2013-10-21 16:30:27.977624*: [MPP] Number of blocks executed in passthru mode because of high CPU utilization: 2728 out of 13287 total blocks. Percent = 20.531347% 2013-10-21 16:30:27.977624*: Dump sequence #10: [MPP] Current cell cpu utilization: 8 [MPP] Mon Oct 21 16:30:27 2013 [Cell CPU History] 8 [Pushback Rate] 0 ... [MPP] Mon Oct 21 16:30:13 2013 [Cell CPU History] 96 [Pushback Rate] 5 [MPP] Mon Oct 21 16:30:13 2013 [Cell CPU History] 96 [Pushback Rate] 10 [MPP] Mon Oct 21 16:30:13 2013 [Cell CPU History] 95 [Pushback Rate] 15 [MPP] Mon Oct 21 16:30:12 2013 [Cell CPU History] 95 [Pushback Rate] 20 [MPP] Mon Oct 21 16:30:12 2013 [Cell CPU History] 95 [Pushback Rate] 25 [MPP] Mon Oct 21 16:30:12 2013 [Cell CPU History] 96 [Pushback Rate] 30 [MPP] Mon Oct 21 16:30:12 2013 [Cell CPU History] 96 [Pushback Rate] 35 [MPP] Mon Oct 21 16:30:12 2013 [Cell CPU History] 96 [Pushback Rate] 40 [MPP] Mon Oct 21 16:30:11 2013 [Cell CPU History] 95 [Pushback Rate] 45 [MPP] Mon Oct 21 16:30:11 2013 [Cell CPU History] 98 [Pushback Rate] 50 [MPP] Mon Oct 21 16:30:11 2013 [Cell CPU History] 97 [Pushback Rate] 50 [MPP] Mon Oct 21 16:30:11 2013 [Cell CPU History] 98 [Pushback Rate] 50 [MPP] Mon Oct 21 16:30:11 2013 [Cell CPU History] 100 [Pushback Rate] 50 [MPP] Mon Oct 21 16:30:10 2013 [Cell CPU History] 99 [Pushback Rate] 50 [MPP] Mon Oct 21 16:30:10 2013 [Cell CPU History] 97 [Pushback Rate] 50 [MPP] Mon Oct 21 16:30:10 2013 [Cell CPU History] 100 [Pushback Rate] 50 [MPP] Mon Oct 21 16:30:10 2013 [Cell CPU History] 98 [Pushback Rate] 45 [MPP] Mon Oct 21 16:30:10 2013 [Cell CPU History] 97 [Pushback Rate] 40 [MPP] Mon Oct 21 16:30:09 2013 [Cell CPU History] 98 [Pushback Rate] 35 [MPP] Mon Oct 21 16:30:09 2013 [Cell CPU History] 100 [Pushback Rate] 30 [MPP] Mon Oct 21 16:30:09 2013 [Cell CPU History] 100 [Pushback Rate] 25 [MPP] Mon Oct 21 16:30:09 2013 [Cell CPU History] 100 [Pushback Rate] 20 [MPP] Mon Oct 21 16:30:09 2013 [Cell CPU History] 99 [Pushback Rate] 15 [MPP] Mon Oct 21 16:30:08 2013 [Cell CPU History] 100 [Pushback Rate] 10 [MPP] Mon Oct 21 16:30:08 2013 [Cell CPU History] 99 [Pushback Rate] 5 [MPP] Mon Oct 21 16:30:08 2013 [Cell CPU History] 99 [Pushback Rate] 0 ...
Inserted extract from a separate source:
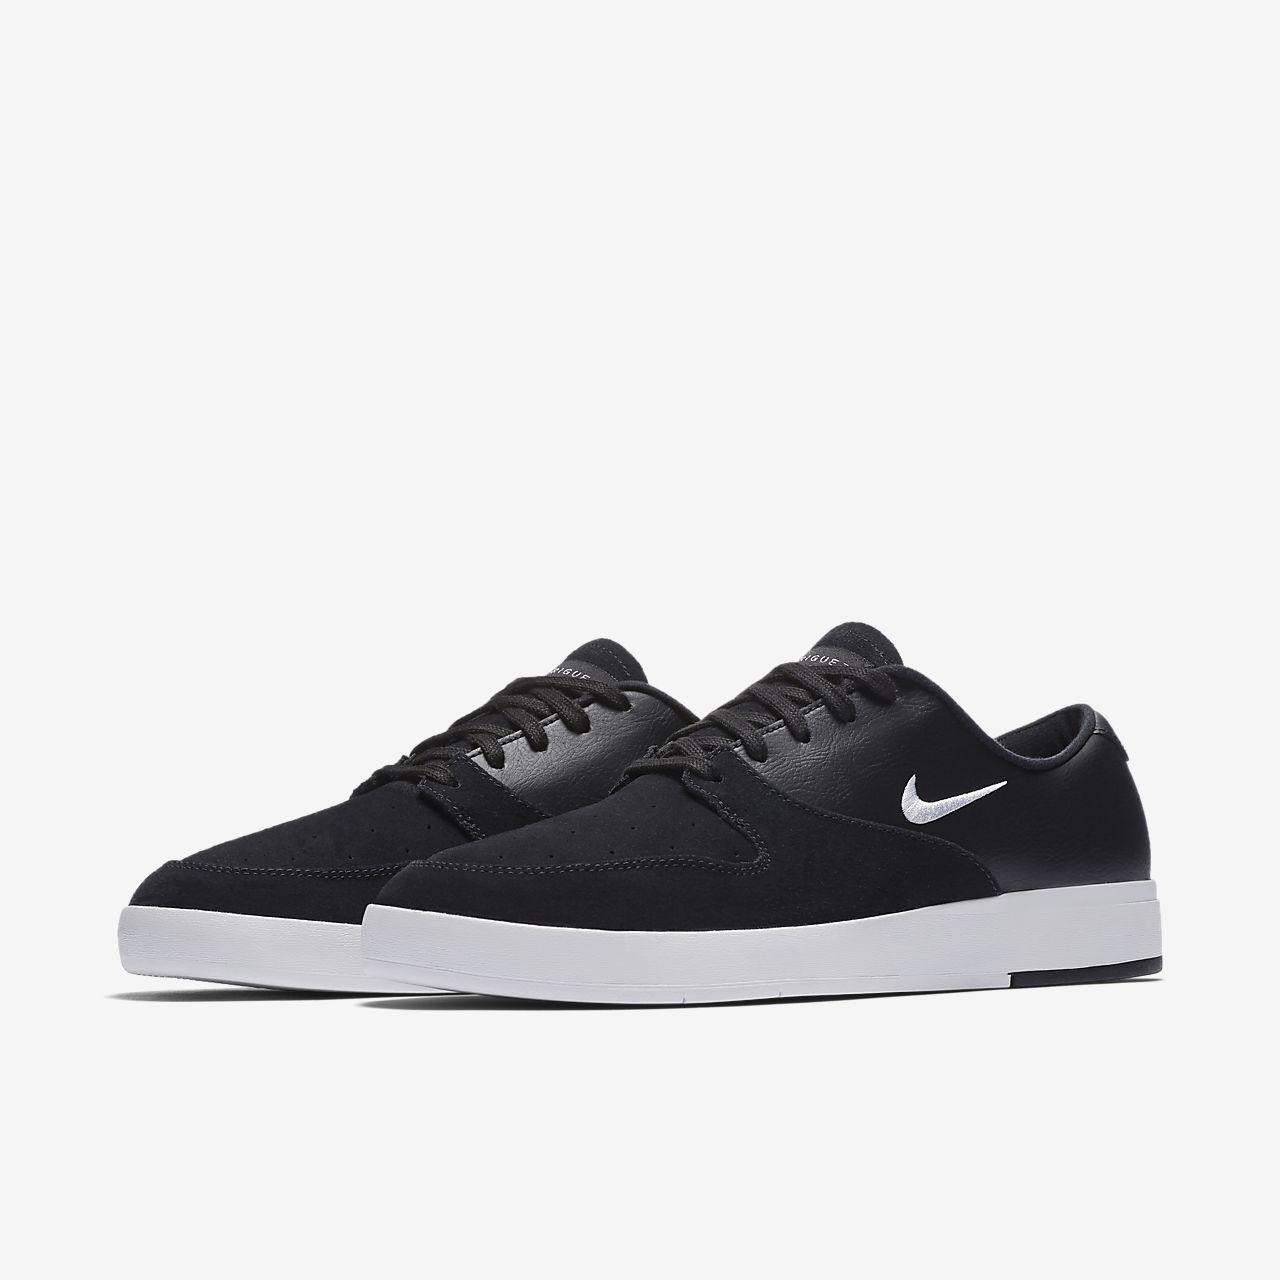 f05152bc74f6 Nike SB Zoom Paul Rodriguez Ten Men s Skateboarding Shoe

This shows it all! The header shows that during the last 30 minutes, this storage server sended 2728 blocks out of the total of 13287 blocks via passthrough mode. Further, in the lines which contain the historical measurements, the “pushback rate” can be seen climbing up to 50%, because the CPU usage was above 90%.
Please mind the techniques I’ve described here are done on one storage server, while a normal Exadata setup has 3 (8th/quarter rack), 7 (half rack) or 14 (full rack) storage servers.